YOUR GOAL:
Print exactly the lines below between the line containing "The Incidence of" and the line containing "Onlinebestellung | Pizzeria-Armonia", counting both of those lines. Leave pictures out.
┌─ DATA TO USE
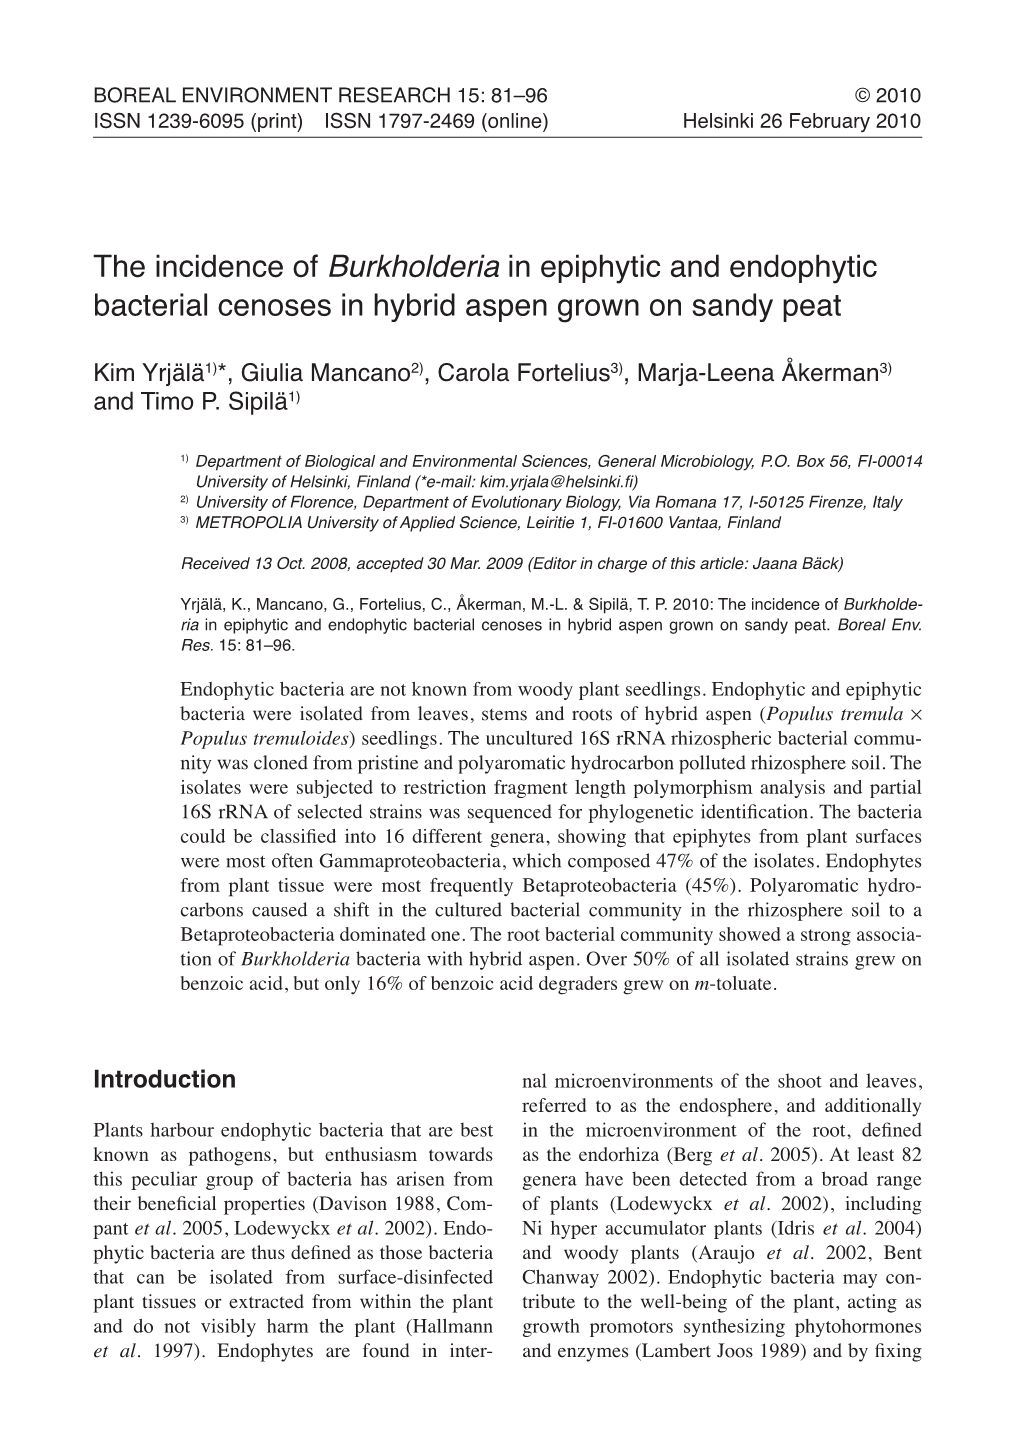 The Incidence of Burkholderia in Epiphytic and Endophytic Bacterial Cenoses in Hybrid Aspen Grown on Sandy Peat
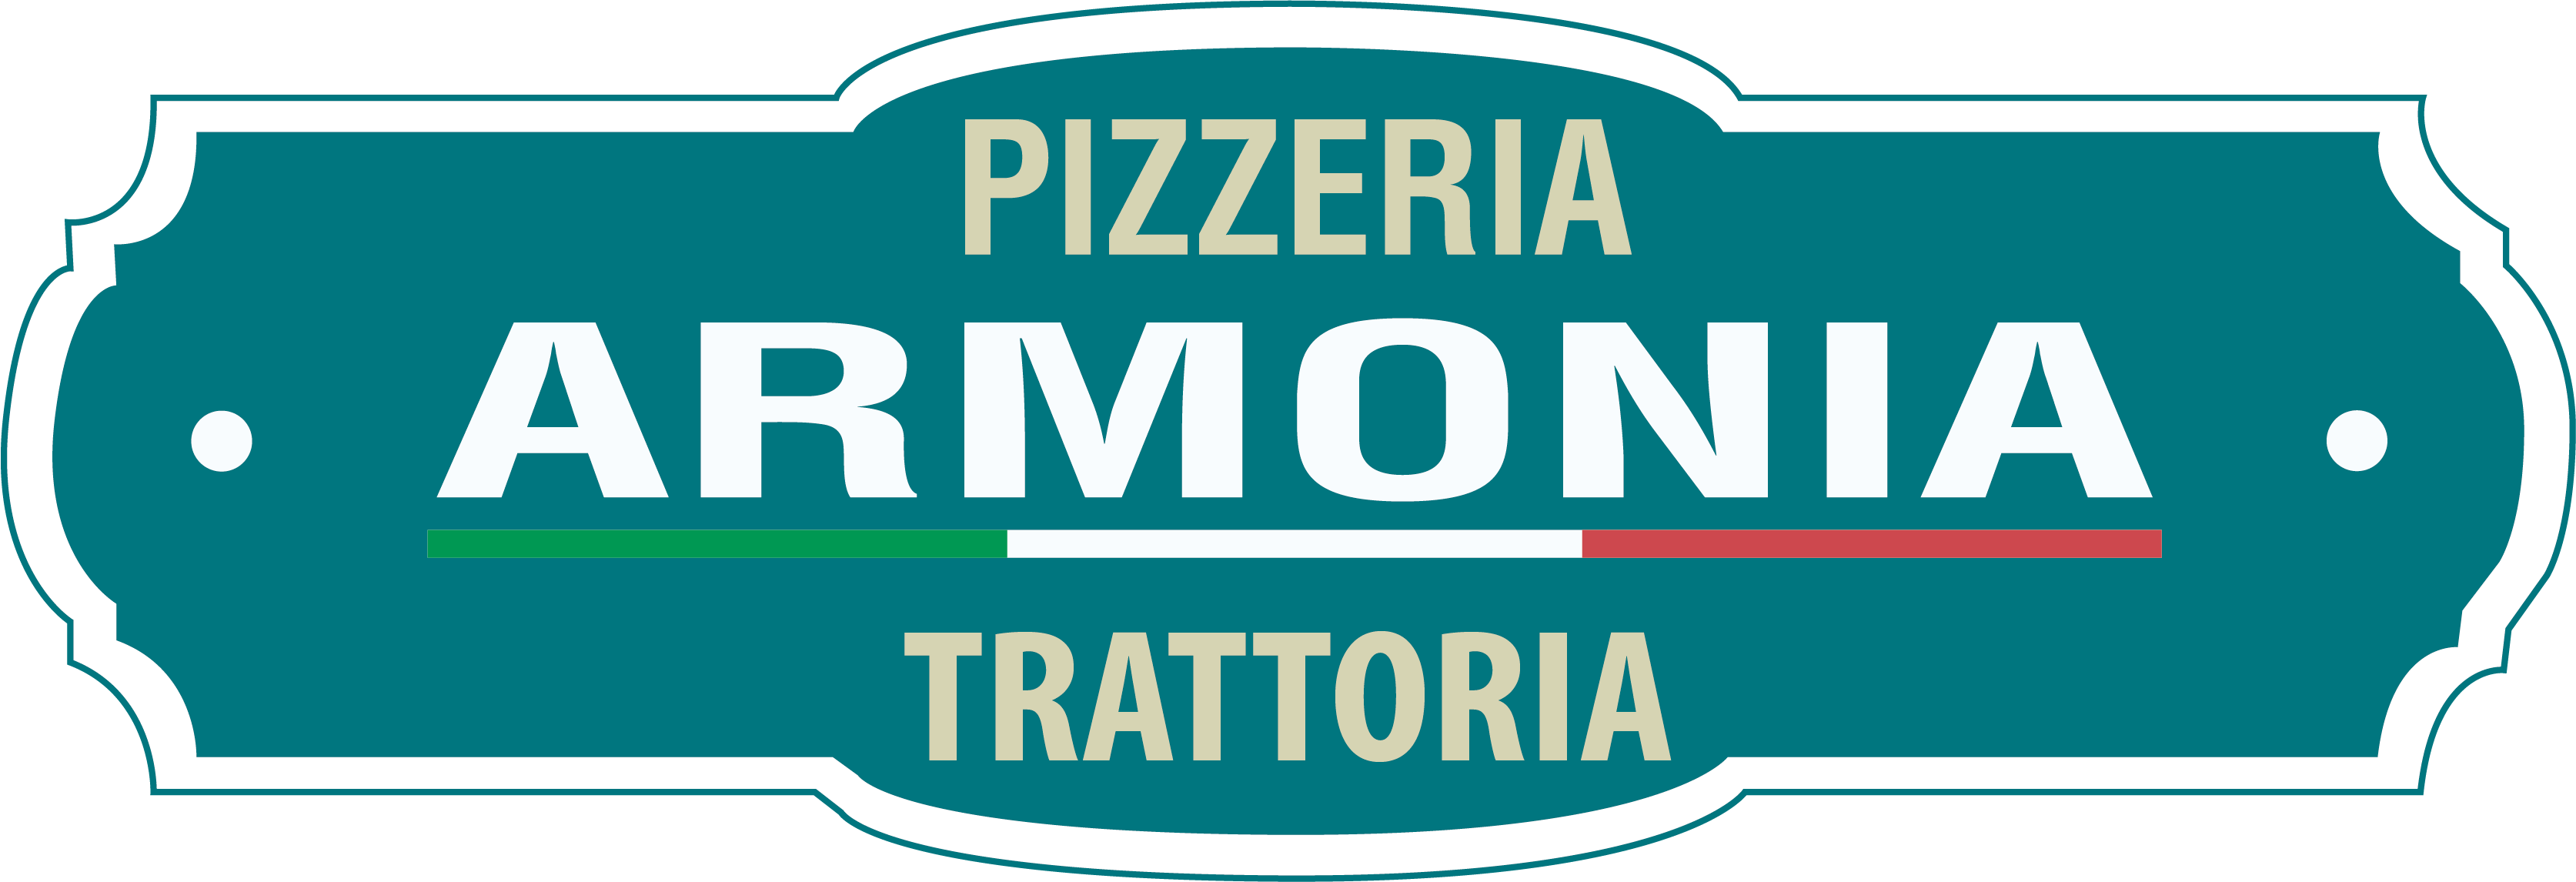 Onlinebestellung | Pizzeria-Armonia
└─
┌─ DATA TO USE
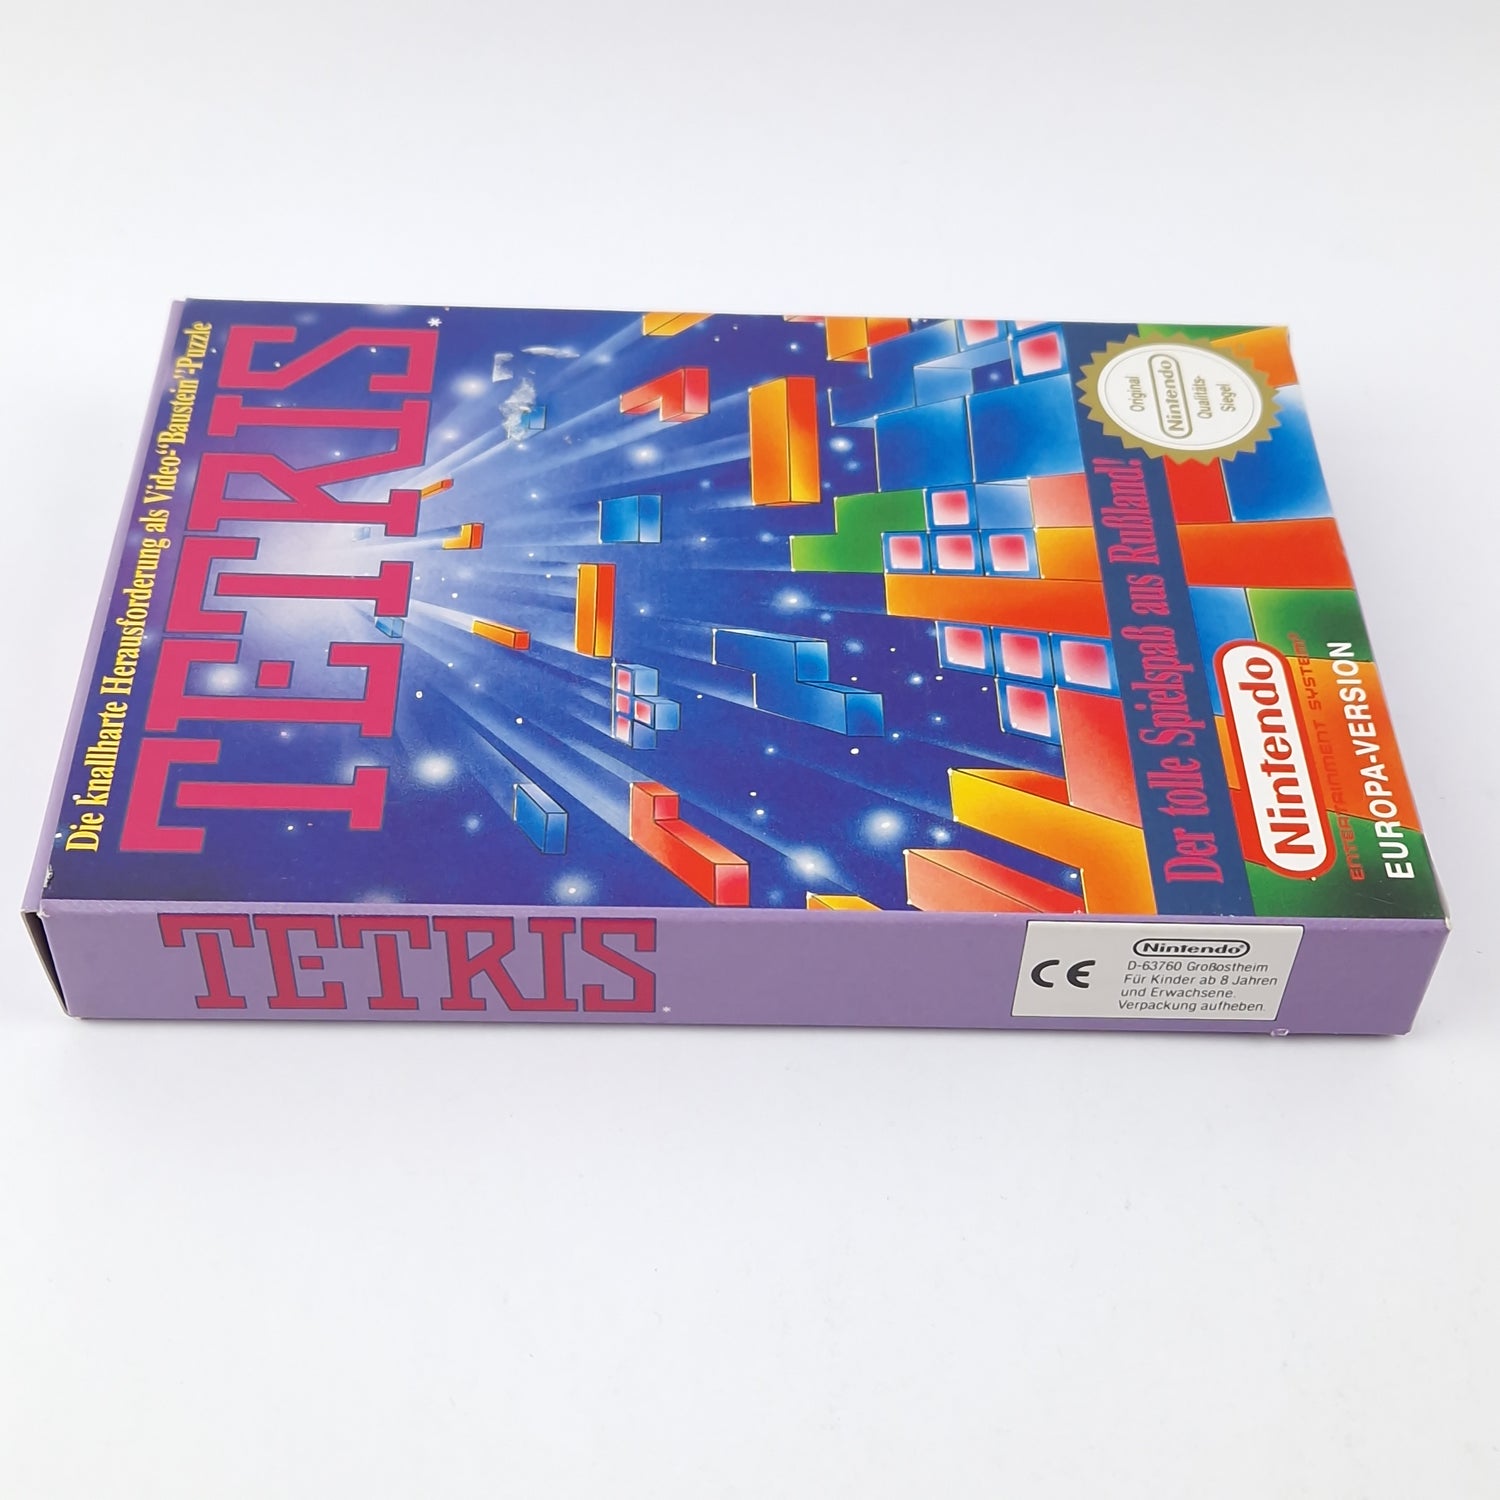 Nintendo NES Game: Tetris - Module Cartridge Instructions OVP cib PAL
└─
SOLUTION TO THE PROBLEM:
 The Incidence of Burkholderia in Epiphytic and Endophytic Bacterial Cenoses in Hybrid Aspen Grown on Sandy Peat
 Onlinebestellung | Pizzeria-Armonia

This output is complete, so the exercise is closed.